# Horses running scared around paddock?



## ApuetsoT (Aug 22, 2014)

What kind of wild life is in your area? Around here, moose tend to set them off, more so than coyotes. If you have bears that could be one.


----------



## evilamc (Sep 22, 2011)

Coyotes maybe, doubtful any bears, I'm pretty close to road/highway and kinda one of few small farms in a housing area. I've only ever seen deer really.


----------



## DomiStLaurent (Aug 20, 2012)

We've had this happen down at the barn where my horse is and all we can attest it to is there's some terrifying leaf monster.
I would imagine if it were any real threat the goats would have been spooked too.

Have you checked the surrounding perimeter of the paddock? There could potentially be an animal in distress or a plastic bag stuck somewhere. 

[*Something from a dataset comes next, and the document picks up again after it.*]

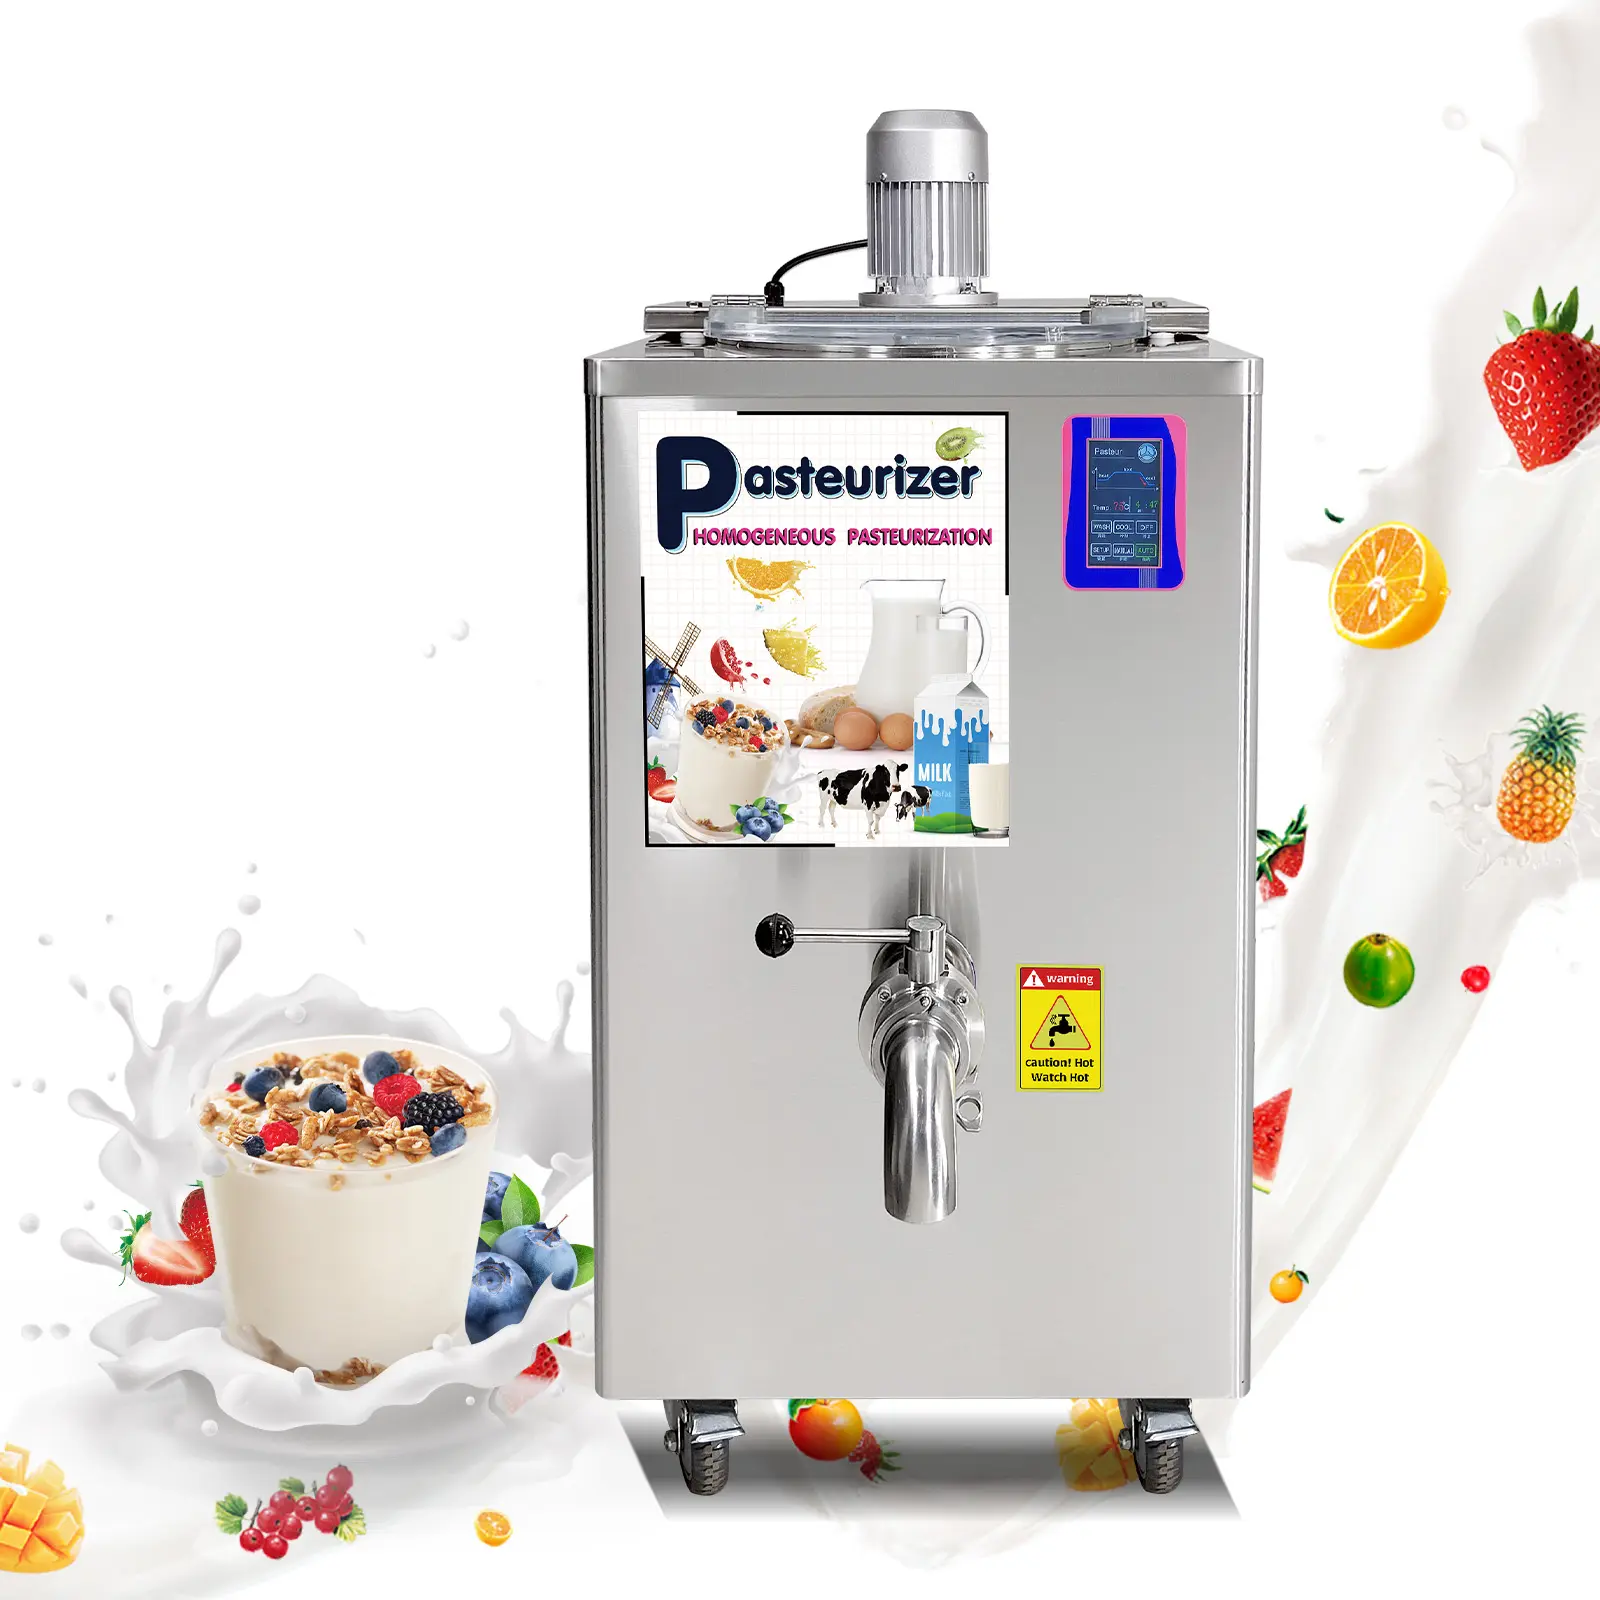 Ce itália sorvete pasteurizador/pasteurizador pasteurização de alta pressão máquina/sorvete e leite pasteurizador máquina

Hope everything checks out!


----------



## ApuetsoT (Aug 22, 2014)

or could anyone nearby be doing target practice, fire crackers, running something through the bush that you didn't hear?

We had neighbours at one barn that would go shooting their guns. I don't know of they had terrible aim or were just jerks because thses bullets would go flying off their property and soars over the pastures. They'd even hit some of the trees and bush that was in the pastures. Horses would go nuts. Even the calmest were spinning and running. Took a bit to figure out what the problem was as all you could hear was a whirling as they went overhead. Called the rcmp on them multiple times.


----------



## Avna (Jul 11, 2015)

Agree that a predator would set the goats off too. My horses do this whenever my neighbor gets in a new set of calves. Go figure. It also could be there is a crazy new smell coming down the wind. Goats tend to settle down a lot faster than horses so they may have already decided it was no threat by the time you got out there.


----------



## evilamc (Sep 22, 2011)

Well what's weird is they've been around gun shots and fire crackers tons and that's never set them off before. They're honestly pretty chill horses, not much spooks them on the trail either. That's why this is so odd for them! When I'm done grooming my morning dog I'll try walking the perimeter though.


----------



## Twalker (Apr 8, 2014)

evilamc said:


> Well what's weird is they've been around gun shots and fire crackers tons and that's never set them off before. They're honestly pretty chill horses, not much spooks them on the trail either. That's why this is so odd for them! When I'm done grooming my morning dog I'll try walking the perimeter though.


Sasquash maybe lol .


----------



## evilamc (Sep 22, 2011)

lol RIGHT? I called my neighbor, she said he horse is fine and in his stall. Really the only thing "off" about this morning is that it appears the middle stand of my electric fence in on of my fields snapped off? Not sure if that would be enough to set them off or not. They've finally calmed back down though. I mean neighbor had her bird out and t was screaming bloody murder....but thats honestly a normal thing, they hear it every day lol!


----------



## DomiStLaurent (Aug 20, 2012)

Glad to hear they have calmed down. It was probably just your every day Sasquatch.


----------



## Prairie (May 13, 2016)

I'm pretty sure there are horse eating monsters lurking in most pastures. For over 22 years, horses here have been convinced that a resident horse ghost resides in the shelter belt south of the barn that they have to pass by to get to their stalls! It's not a daily or even weekly occurrence and we've been unable to find anything that should upset them.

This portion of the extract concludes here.